Task description
Print out the data precisely as it appears here, with no pictures.
── Source data ──
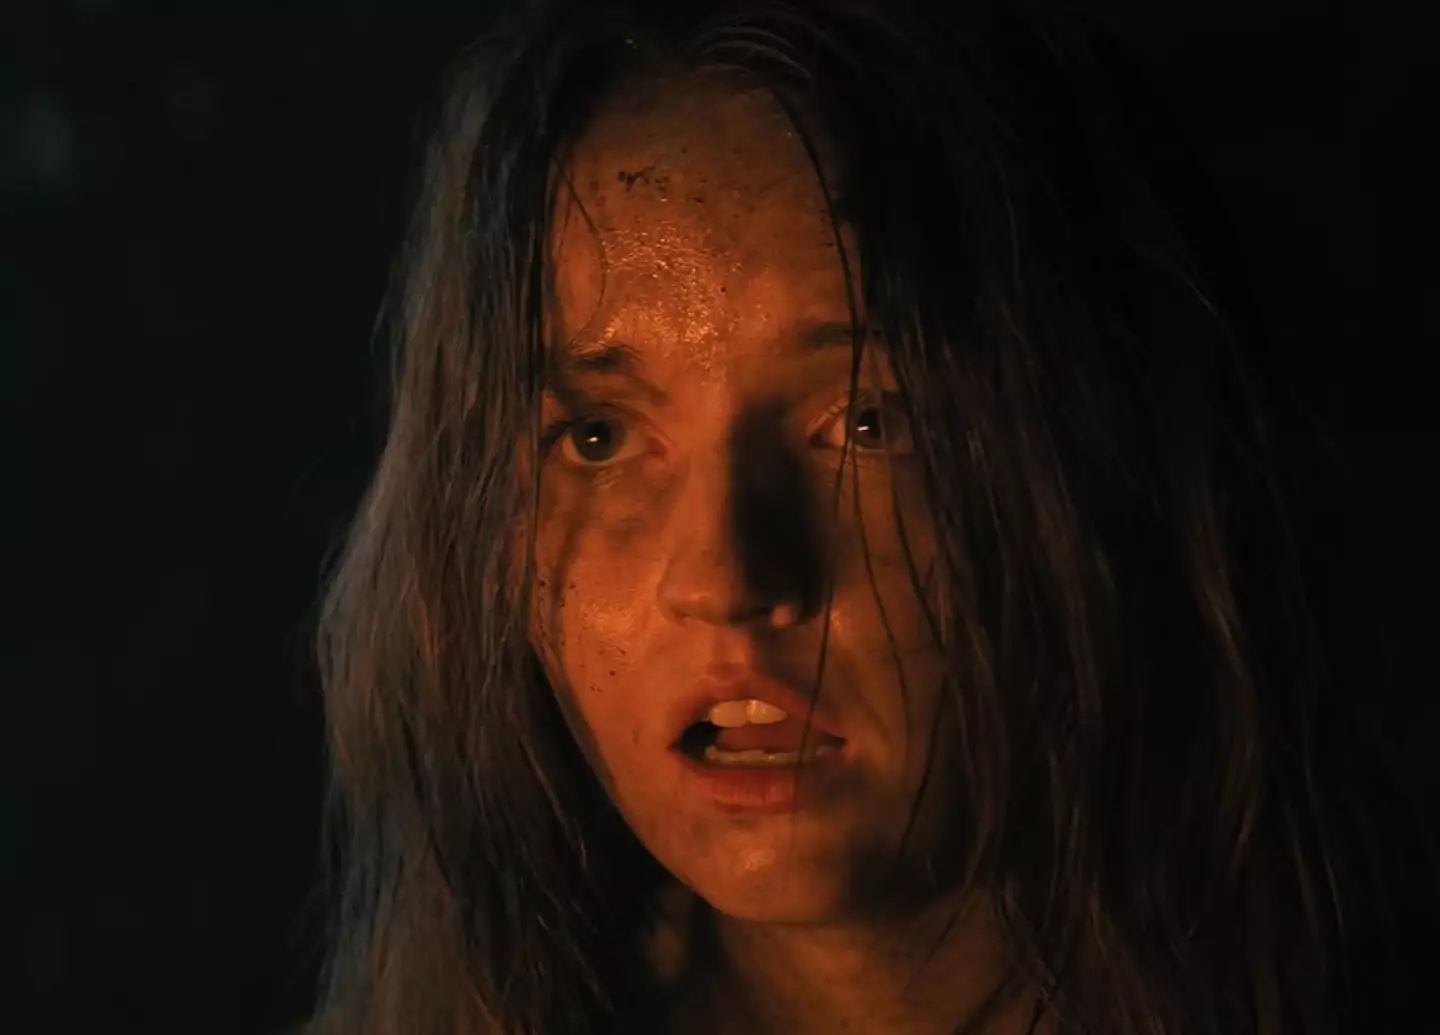 Kaitlyn looking a little worse for wear in the film. Not her fault, like.
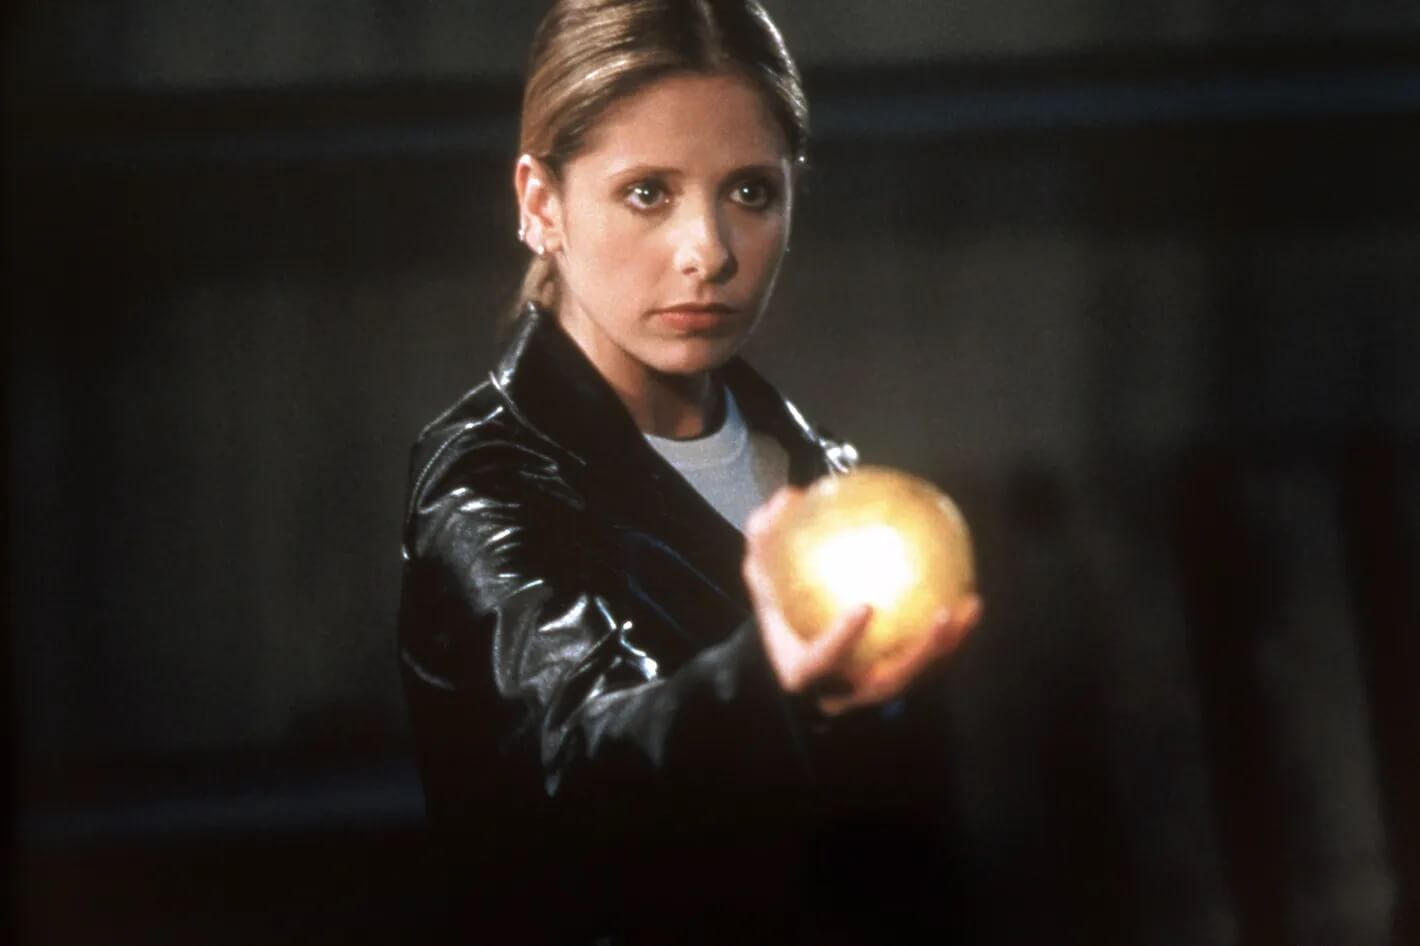 Sarah Michelle Gellar, best known as Buffy Summers, will star in Wolf Pack
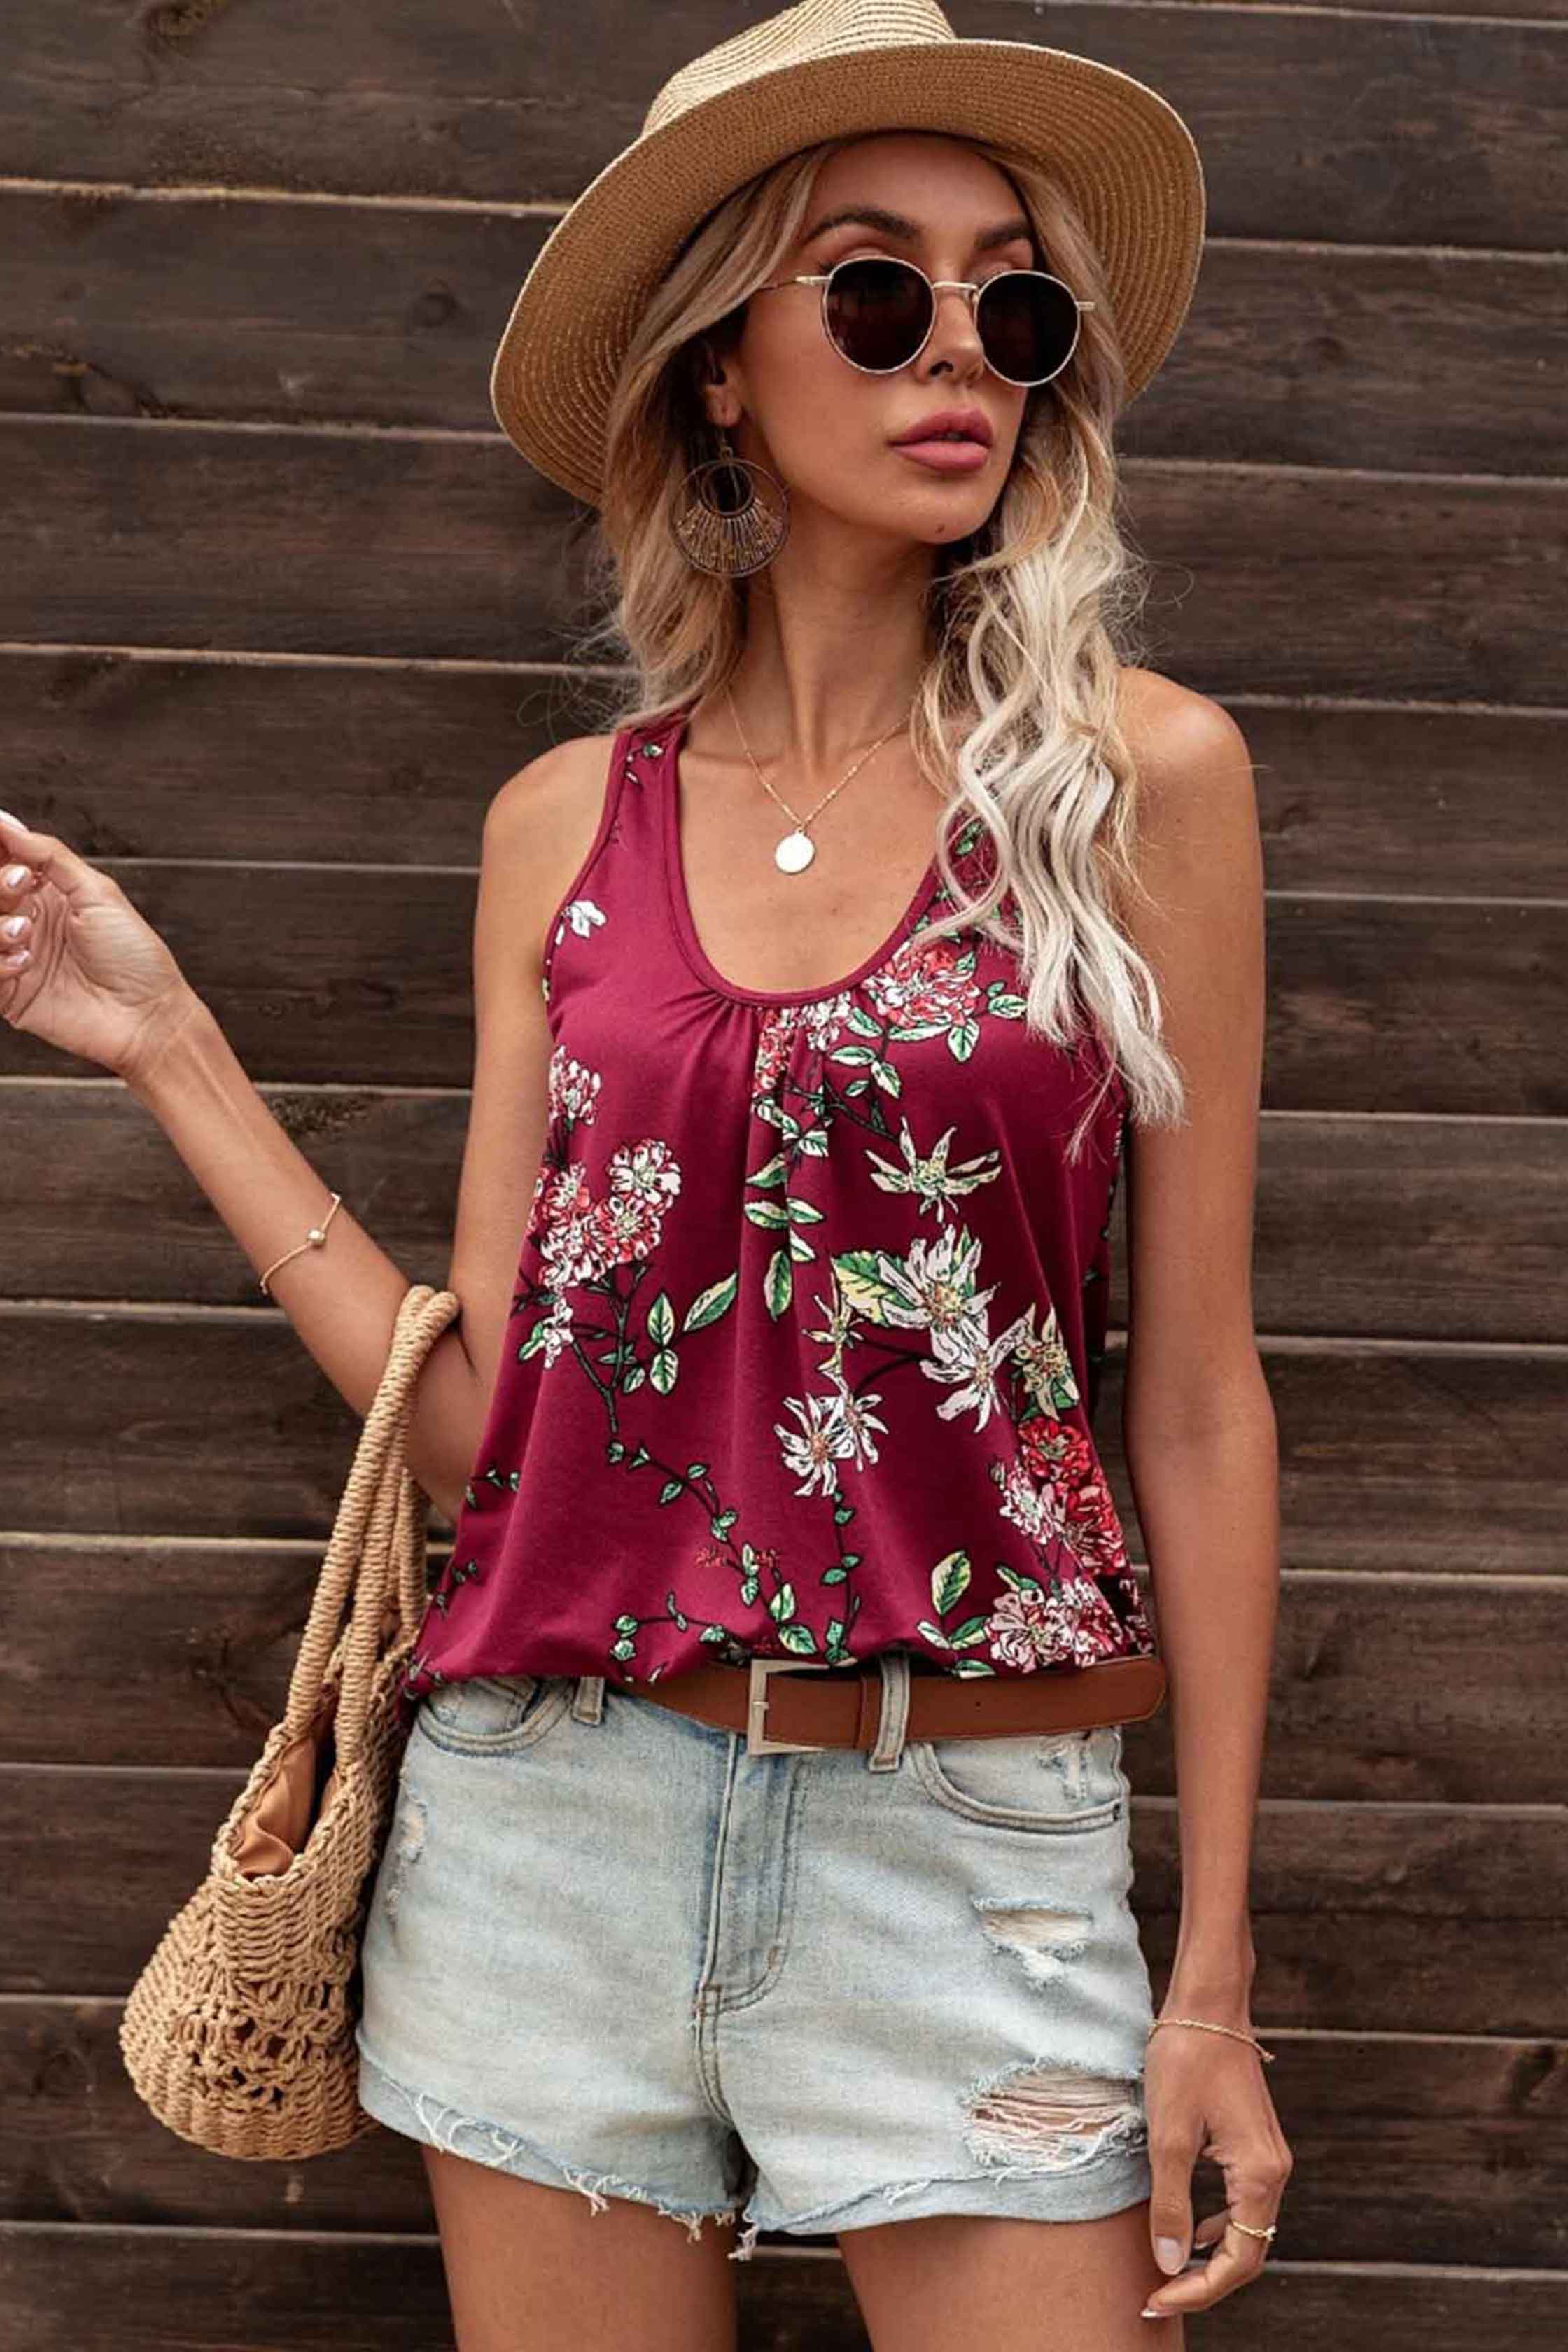 Floral Casual Sleeveless Swing Tank Top
───
Response below
 Kaitlyn looking a little worse for wear in the film. Not her fault, like.
 Sarah Michelle Gellar, best known as Buffy Summers, will star in Wolf Pack
 Floral Casual Sleeveless Swing Tank Top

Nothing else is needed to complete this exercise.